It was a high stakes game…My expunged arrest record had somehow found its way into FINRA’s Web CRD (FINRA’s background check database) – If I lost my argument, I would have a permanent blemish on my broker check and I would lose my job with firm. Legally, that arrest record didn’t exist. It was my right to defend myself and have a clean record with FINRA. I chose to fight.
As with all things FINRA, enforcing the rights given with an expunged arrest record was not an easy path. This all started at the end of 2012.
FINRA had a stale arrest record (from the FBI’s CJIS database) saved in their web CRD.
They must have pulled it somehow before the expungement was executed. The worst part about this is that the FBI record FINRA had clearly states that records change all the time and the end user (FINRA) needs to refresh when running a new report.
FINRA wouldn’t refresh their stale record.
Instead, they were requesting all sorts of proof that the charges had been dropped. The problem was the record had been expunged and all documents relating to the arrest had been destroyed. There were no such files to give to FINRA. Even so, I was under no obligation to report that my record had been expunged. All I had to do was challenge the accuracy of their WEB CRD.

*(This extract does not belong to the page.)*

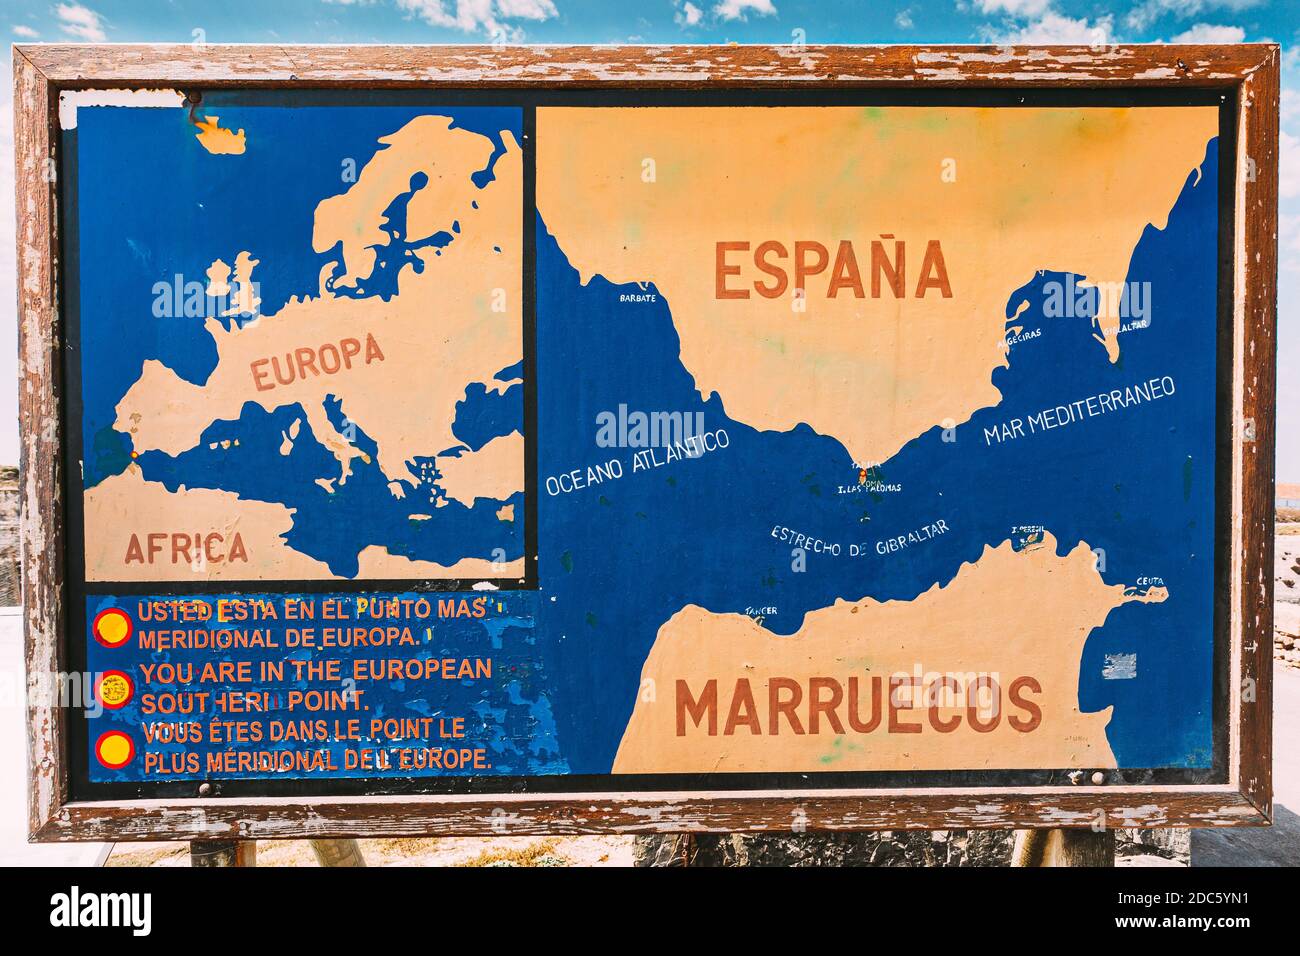 Old painted Information board on the beach Costa de la Luz in Tarifa, Spain. Stock Photo

I personally proved that the record FINRA had in their database did not exist (anymore).
I went through the official process to verify:
So what did I do??? Tracked down the right gatekeeper and sent a dispute letter to FINRA.
This entire process took three years.
Even FINRA, a quasi-government organization, can’t even get the whole expunged record issue right.
The worst part about this whole ordeal is that I had to be unregistered during this entire 3 year duration. Talk about lost wages!